Task statement: Write out, word for word, every line from the one containing "Women's jeans Lee Breese" through the last line of the records below, both ends included.

Input material:
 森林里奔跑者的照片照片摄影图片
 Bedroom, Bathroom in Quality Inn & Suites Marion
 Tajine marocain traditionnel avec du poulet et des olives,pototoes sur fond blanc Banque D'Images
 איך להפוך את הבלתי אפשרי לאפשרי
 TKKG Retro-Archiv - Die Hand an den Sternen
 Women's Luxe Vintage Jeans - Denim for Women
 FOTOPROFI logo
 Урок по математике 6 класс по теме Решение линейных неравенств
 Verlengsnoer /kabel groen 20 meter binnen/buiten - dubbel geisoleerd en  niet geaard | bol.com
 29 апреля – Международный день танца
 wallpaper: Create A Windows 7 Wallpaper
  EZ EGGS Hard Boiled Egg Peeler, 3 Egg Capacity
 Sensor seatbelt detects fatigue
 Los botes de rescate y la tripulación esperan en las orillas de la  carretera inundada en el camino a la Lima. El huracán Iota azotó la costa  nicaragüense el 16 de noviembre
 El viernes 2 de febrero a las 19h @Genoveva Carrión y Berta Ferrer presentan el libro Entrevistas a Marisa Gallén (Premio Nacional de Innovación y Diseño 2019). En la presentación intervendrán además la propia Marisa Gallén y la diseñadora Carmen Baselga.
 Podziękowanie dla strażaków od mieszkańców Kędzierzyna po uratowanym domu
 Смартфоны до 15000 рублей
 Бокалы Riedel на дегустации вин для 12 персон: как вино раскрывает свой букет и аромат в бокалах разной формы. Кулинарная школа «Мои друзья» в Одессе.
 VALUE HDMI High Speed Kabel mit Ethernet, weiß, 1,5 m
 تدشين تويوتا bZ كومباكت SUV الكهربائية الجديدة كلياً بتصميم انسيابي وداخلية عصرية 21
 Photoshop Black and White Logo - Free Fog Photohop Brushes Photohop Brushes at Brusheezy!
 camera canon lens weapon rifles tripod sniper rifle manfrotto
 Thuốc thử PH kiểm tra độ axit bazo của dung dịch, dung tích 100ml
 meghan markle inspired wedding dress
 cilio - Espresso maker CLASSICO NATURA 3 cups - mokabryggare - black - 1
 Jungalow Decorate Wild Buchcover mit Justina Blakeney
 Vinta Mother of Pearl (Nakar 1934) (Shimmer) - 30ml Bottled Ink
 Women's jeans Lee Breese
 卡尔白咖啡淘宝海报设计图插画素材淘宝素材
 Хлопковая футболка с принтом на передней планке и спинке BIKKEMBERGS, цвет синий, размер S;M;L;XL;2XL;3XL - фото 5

Result below:
 Women's jeans Lee Breese
 卡尔白咖啡淘宝海报设计图插画素材淘宝素材
 Хлопковая футболка с принтом на передней планке и спинке BIKKEMBERGS, цвет синий, размер S;M;L;XL;2XL;3XL - фото 5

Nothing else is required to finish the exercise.